Hervana’s MTV Unplugged Singalong Packs House of Targ

April 18th, 2016 by  |  Published in Concerts


I’d been to House of Targ many times for shows, but the night of April 15th was the first time I’d ever seen a line spilling out the door and down the sidewalk. It’s a testament to how iconic Nirvana’s MTV Unplugged in New York album has remained, which Toronto’s Hervana were paying tribute to that night. Only an hour after doors, the venue had already hit capacity and by the time the first band took the stage the floor was packed with an eager crowd.

Sleepy and the Noise are a pop and alt-rock trio from Ottawa who blend quirky indie traits with a mainstream rock sensibility. Their music definitely fit the tone of the night, with straightforward, poppy instrumentals that could have easily existed in the 90s, but with a tendency to zone out on parts to accommodate the storytelling approach of the lyrics.

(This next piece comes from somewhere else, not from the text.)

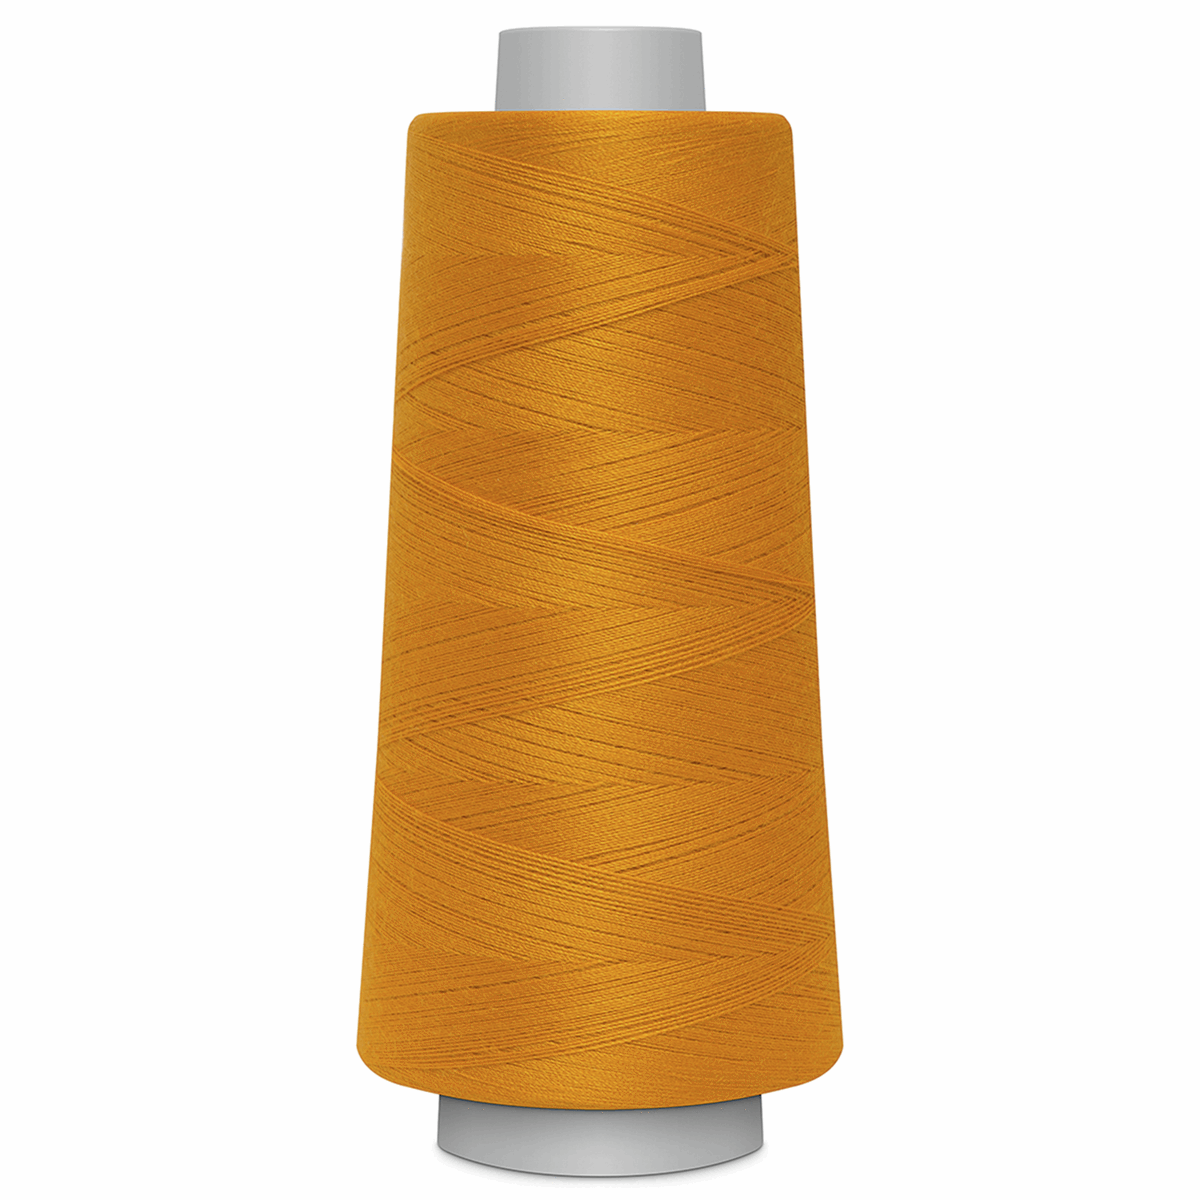 Gutermann TOLDI-LOCK Overlock Thread - Orange| 2500m from Jaycotts Sewing Supplies

The guitarist would occasionally break out into a bit of guitar noodling, but managed to keep it tasteful. My favourite moments were when the band would burst into fast-paced, heavy instrumentals which acted as the perfect dynamic to the more even-paced moments.

Trees of North America, an Ottawa four-piece, were up next and, again, fit the theme of the night’s sound, which was of course 90’s alt/grunge. Their influences were sort of hard to pin down. I was getting bits of Breeders, Pixies in some of the guitar, R.E.M., the Tragically Hip and occasionally a bit of Alanis Morissette in the vocals, but essentially they kind of sounded like a bunch of 90’s stuff thrown together. It was awesome.

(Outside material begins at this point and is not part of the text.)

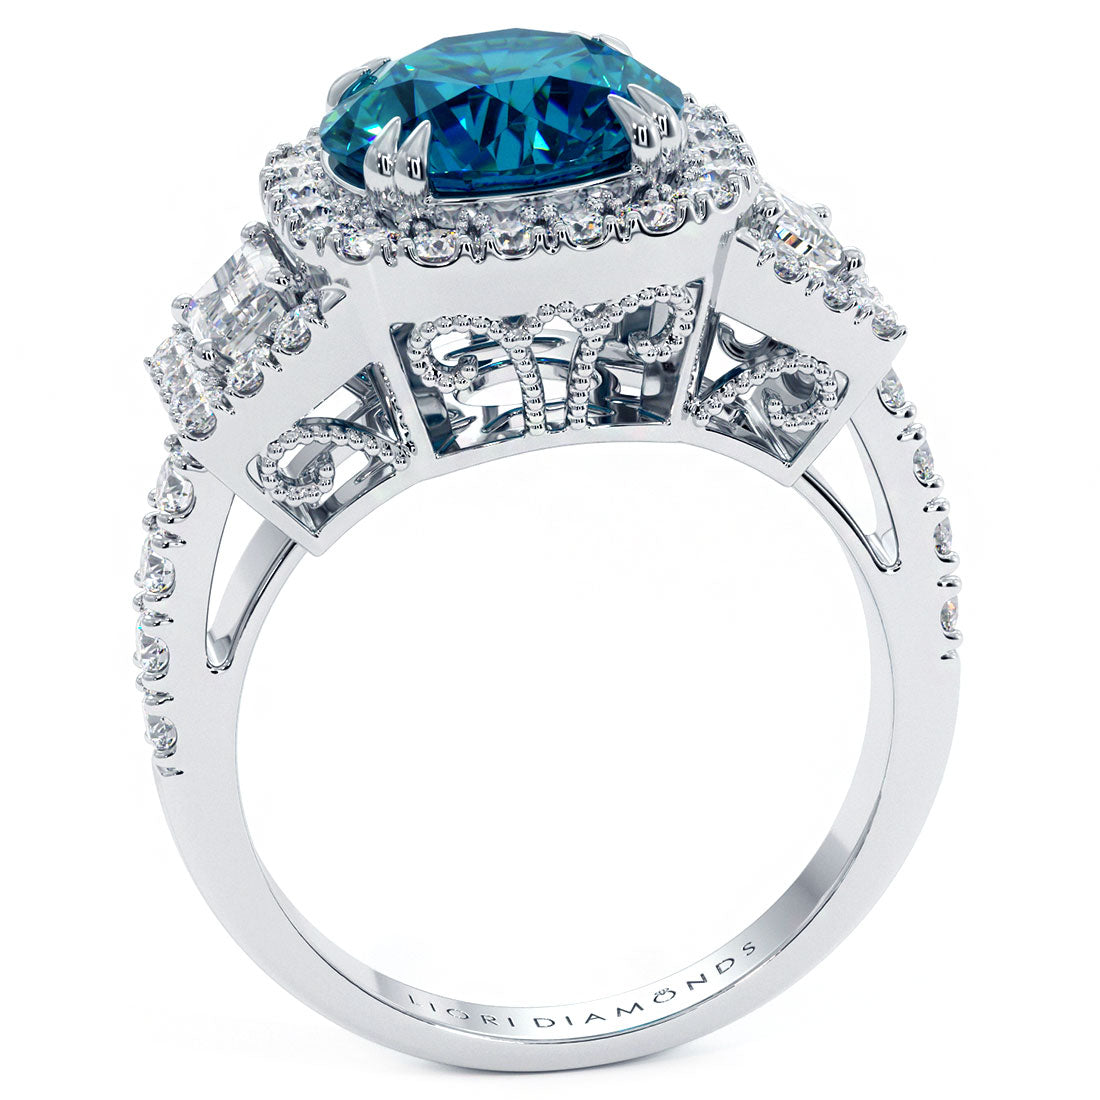 3.86 Carat Fancy Blue Diamond Engagement Ring 14k Gold Pave Halo Vintage Style

The songs were super catchy and made you want to move around, keeping a quick and rhythmic pace. There were poppy elements to the sound, but that didn’t stop them from layering on the distortion and fuzz every once and a while, bringing things up a level. The only thing I feel they could benefit from would be additional vocals in their live set, because they make great use of them in their recordings, and seem to have a knack for crafting catchy and interesting melodies.

The crowd hadn’t thinned at all over the time that the two opening bands played, and in fact very well may have increased by the time Hervana had set up. In a fitting tribute to the Unplugged album, the band sat spread across the stage on stools with battery powered candles scattered around, acting as both an homage and an inside joke.

The set almost immediately, and predictably, turned into a giant sing-along, with everyone bellowing along to their favourite Nirvana songs and classic covers from the album. While the band handled the various covers very well, I found the performance of the Meat Puppets covers had an exceptional amount of energy and intensity to them.

It was interesting to hear female interpretations of songs like “Pennyroyal Tea” or “Polly,” with the singer sometimes using her particular range to alternate between how she would sing certain lines. The set kept to the album very closely, but there were moments where they did things their own way, which kept it interesting as well.

The set ended, of course, with “Where Did You Sleep Last Night” which was unsurprisingly the highlight of the set. Widely regarded as the most notable song from the concert album, I’m sure it’s a daunting performance to take on, but Hervana pulled it off flawlessly, with of course the entire bar singing along. With the crowd screaming at the top of their lungs for the final, haunting yells of the song, it makes you wonder what it would be like to see Nirvana play it 20 years after Unplugged.